On univariable analysis, any motor symptoms (≤5min), limb ataxia, and aphasia (≤5min; all irrespective of any symptom combinations) and the symptom pair of any sensory symptoms/limb ataxia were associated with increased odds of MRI-DWI-positivity. Positive visual symptoms, dizziness (both irrespective of any symptom combinations) and the symptom pair of gait instability/dizziness were negatively associated with MRI-DWI-positivity. Odds ratios and corresponding 95% confidence intervals are provided in Table 1.

Table 1.

Univariable analysis–statistically significant associations of symptoms and symptom combinations with MRI-DWI-positivity

MRI = Magnetic Resonance Imaging; DWI = Diffusion-Weighted Imaging; OR = Odds Ratio; CI = Confidence Interval.

A statistically significant association of symptoms and symptom combinations with MRI-DWI-positivity on multivariable analysis was preserved for any motor symptoms (≤5 min, OR 2.18, 95%CI 1.27–3.65, irrespective of symptom combinations), aphasia (≤5 min, OR 2.53, 95%CI 1.28–4.80, irrespective of symptom combinations) and the symptom pair gait instability/dizziness (OR 0.34, 95%CI 0.14–0.69; odds ratios are derived from the final regression model, Table 2). On final multivariable logistic regression analysis, we further observed a positive association of MRI-DWI-positivity with age (OR 1.03, 95%CI 1.01–1.05, per year of older age), and having no previous identical event (OR 1.75, 95%CI 1.07–2.99), and a negative association with female sex (OR 0.47, 95%CI 0.32–0.68), normal neurological exam (OR 0.55, 95%CI 0.35–0.85) and resolved symptoms (OR 0.49, 95%CI 0.30–0.78). There was no statistically significant association between overall symptom duration and MRI-DWI-positivity (Table 2) and no evidence of effect modification by symptom duration on any symptom variable.

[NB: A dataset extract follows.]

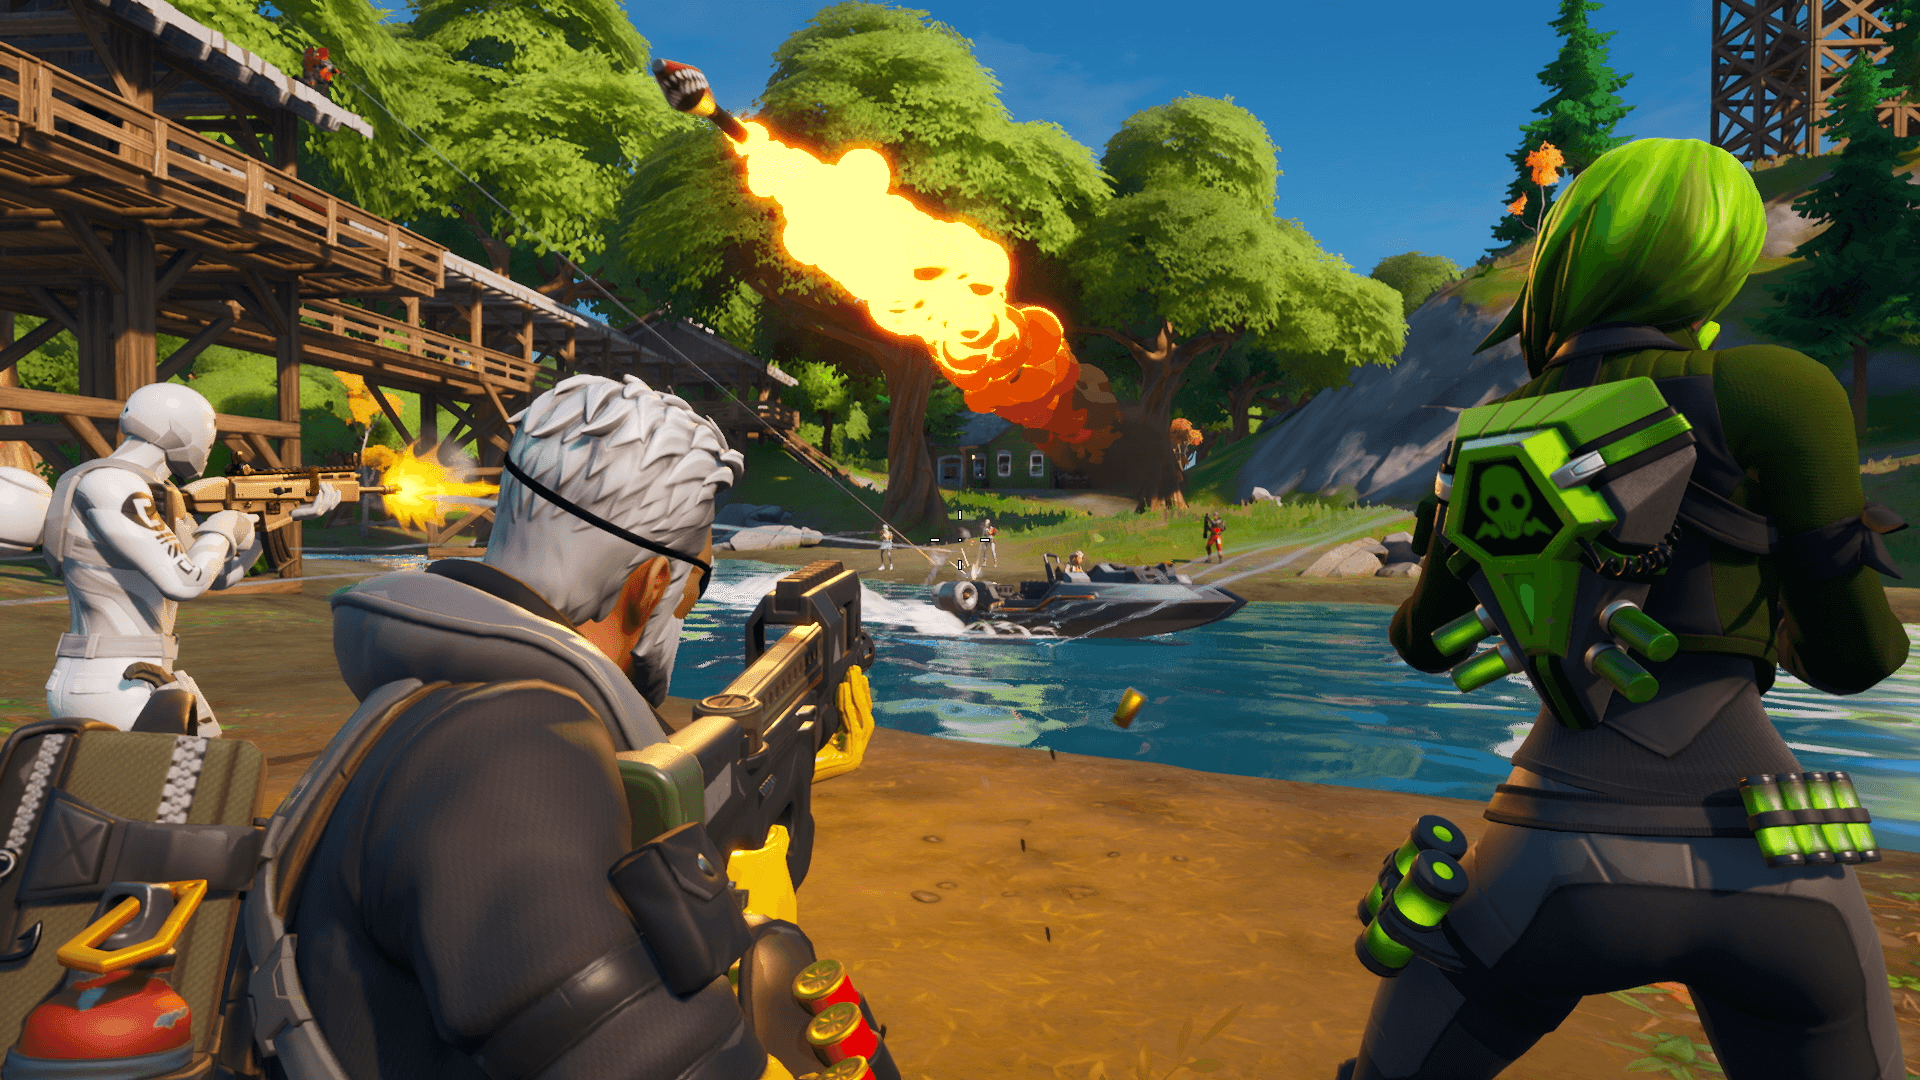 Fortnite players firing weapons at opponents.

Similarly, sensitivity analysis in the subgroup of patients with resolved symptoms did not show a statistically significant influence of overall symptom duration on MRI-DWI-positivity (Supplemental Table 5).

Table 2.

Multivariable analysis–association of clinical findings with MRI-DWI-positivity

MRI = Magnetic Resonance Imaging; DWI = Diffusion-Weighted Imaging; OR = Odds Ratio; CI = Confidence Interval.

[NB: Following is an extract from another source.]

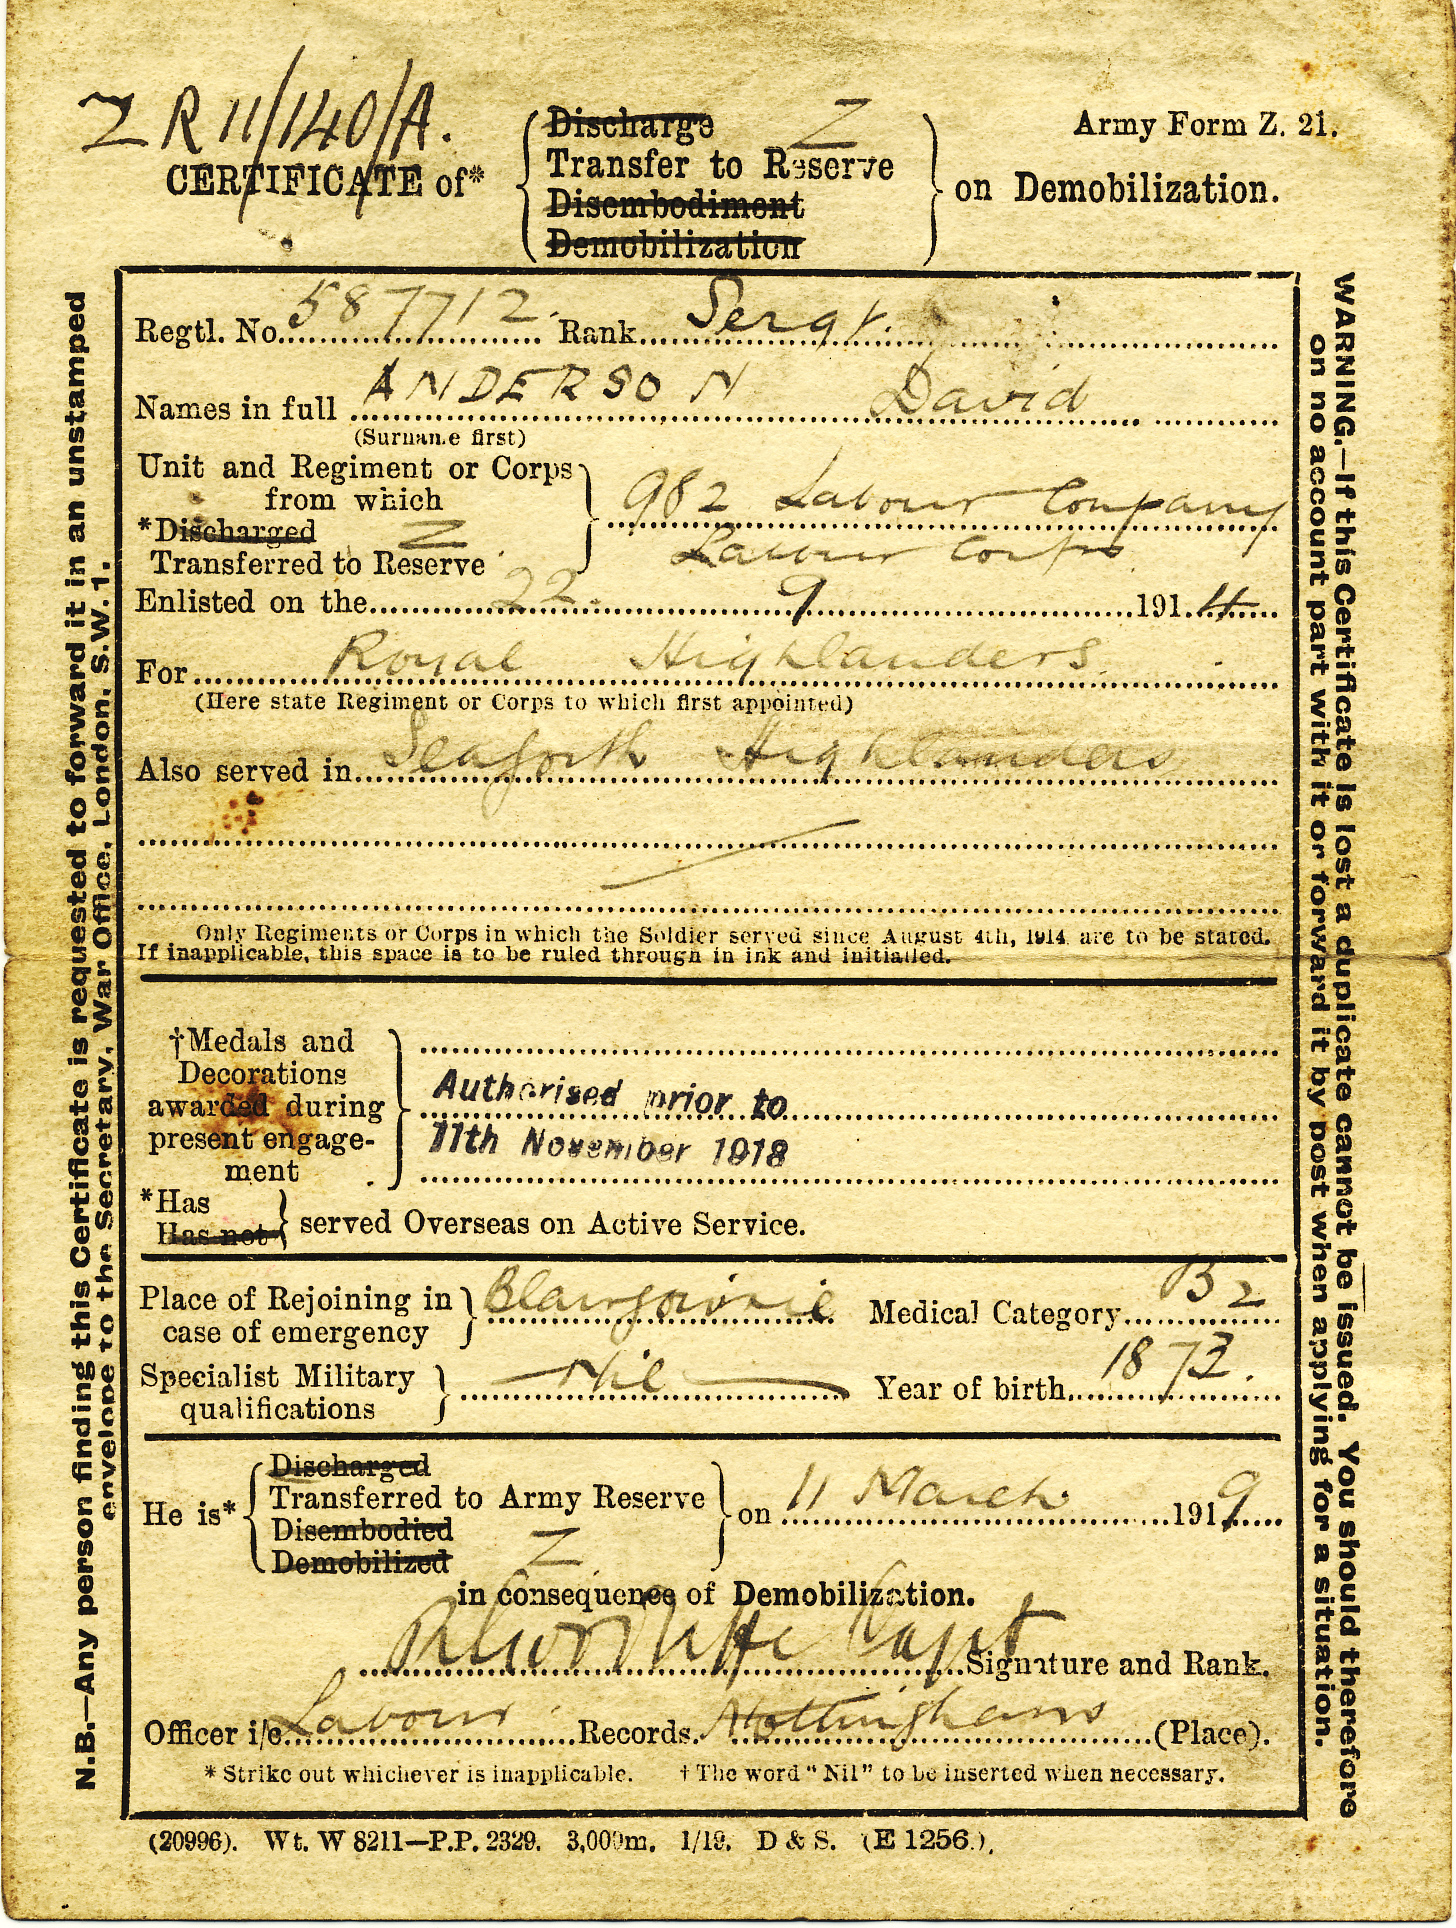 transfer to army reserve march 11 1919

Harrel’s c-statistic illustrating model performance of the final multivariable logistic regression model including symptom duration was 0.72 (95%CI 0.69-0.77).

In the subgroup of patients without any motor or speech symptoms (n = 810/1028 (78.8%)), limb ataxia (OR 2.71, 95%CI 1.17–5.79) and the symptom pair any sensory symptom/limb ataxia (OR 4.89, 95%CI 1.23–17.42) were significantly associated with MRI-DWI-positivity on univariable analysis, but this was not preserved on multivariable logistic regression analysis (Supplemental Table 6). Again, overall symptom duration was not significantly associated with MRI-DWI-positivity in this subgroup (OR 1.00, 95%CI 0.99–1.00).

Discussion

In this post-hoc analysis of patients selected by their presentation with low-risk transient or persistent minor neurological symptoms, we observed an association of various clinical factors with the presence of DWI-positive brain MRI performed within 8 days from symptom onset. Increasing age, presentation with motor or speech symptoms ≤ 5 min, and no history of a previous identical event were positively associated with the presence of DWI-positive MRI whereas female sex, presentation with dizziness and gait instability, normal neurological exam and resolved symptoms showed a negative association. Additional clinical factors, namely symptom duration, did not show a significant association with MRI-DWI-positivity. Predictive ability for MRI-DWI-positivity of these easily available clinical factors was only moderate. In comparison to the main analysis of the DOUBT study, this post-hoc analysis provides a more extensive and detailed assessment of clinical characteristics and symptoms and their associations with MRI-DWI-positivity even though the majority of those additional characteristics was not significantly associated.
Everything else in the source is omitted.